Apenas el sol
Mateo, un membre de la communauté ayoreo, recueille les témoignages de ce peuple indigène expulsé de ses terres dans les années 1960. Il parcourt l’aride Chaco paraguayen pour enregistrer sur des cassettes les expériences d’autres ayoreos. Comme lui, elles et ils sont né·e·s dans la forêt, libres et nomades, sans contact avec le reste du monde, jusqu'à l’arrivée de missionnaires religieux.
« Quand tu enregistres quelque chose, ça signifie que tu en prends soin » : c’est ce que l’une des interlocutrices confie à Mateo, qui enregistre les témoignages et expériences de ses semblables. Dans Apenas el sol, Arami Ullón filme et transmet l’histoire des Ayoreo vivant ou survivant au Paraguay. Parmi eux, Mateo entend conserver la trace d’une culture ancestrale avec lui-même un moyen qui semble aussi fragile qu’anachronique : un magnétophone.
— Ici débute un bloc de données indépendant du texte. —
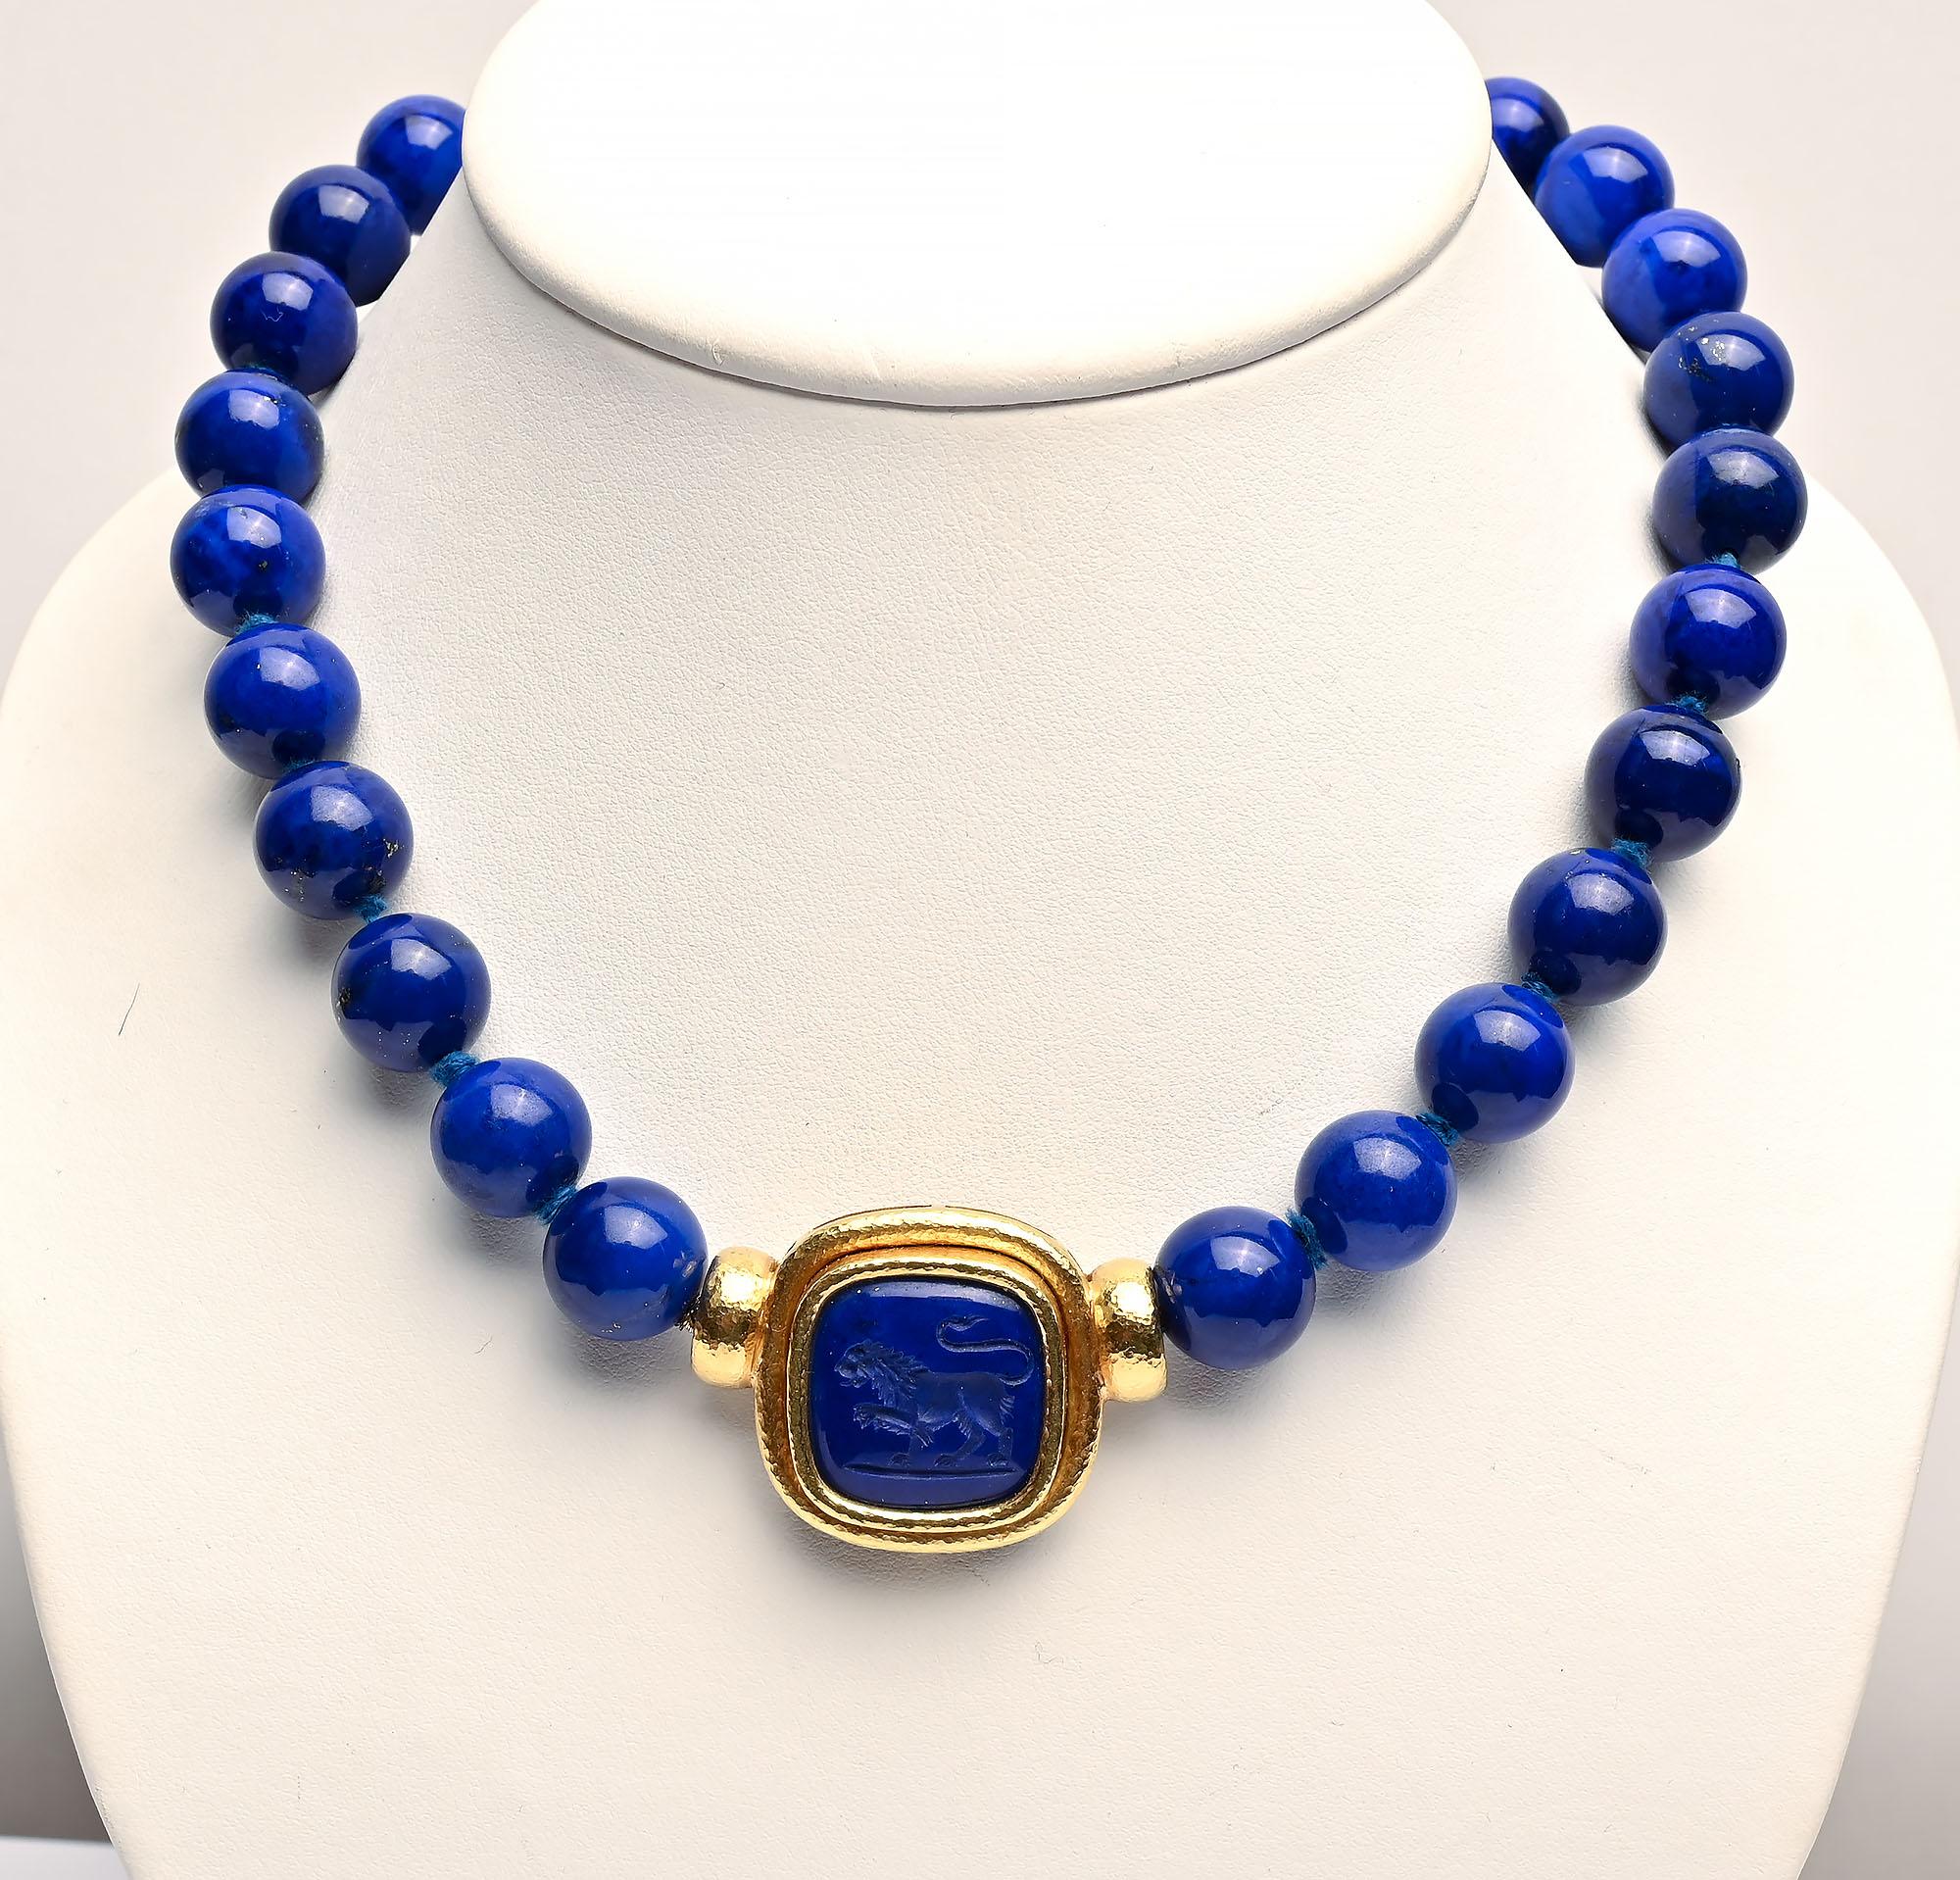 Atemberaubende Elizabeth Locke  Halskette mit brillant gefärbten Lapislazuli-Perlen, die etwa 12,5 mm messen. . Die Schließe ist ein Medaillon mit einem Löwen. Er kann mit anderen Locke-Anhängern ausgetauscht werden. Die Halskette misst 18 Zoll

Le récit est édifiant, à la fois méconnu mais prévisible : les populations ont été déplacées et exterminées par des missionnaires chrétiens. On raconte la panique lors d’apparitions d’hommes blancs, on raconte également les maladies apportées par ces derniers et qui ont atteint et tué des Ayoreo. Quel péché ce peuple a-t-il commis pour être chassé de son paradis ?
Apenas el sol examine la question de l’assimilation forcée : les Ayoreo deviennent-ils blancs en changeant de mode de vie ? Ullón met en lumière les multiples violences subies : la violence physique d’une part, mais aussi la violence de l’effacement d’une culture, une violence qui consiste à faire en sorte que les Ayoreo aient honte de leur culture. Les moments de silence s’imposent dans Apenas en sol. Mais tout rappelle ce qui s’est passé : les plans de nature mais surtout les plans de barrières posées dans la nature, les plans d’animaux mais surtout d’animaux morts. Sur les papiers officiels, l’identité des Ayoreo est effacée tandis que les individus déracinés se retrouvent ici comme des arbres coupés.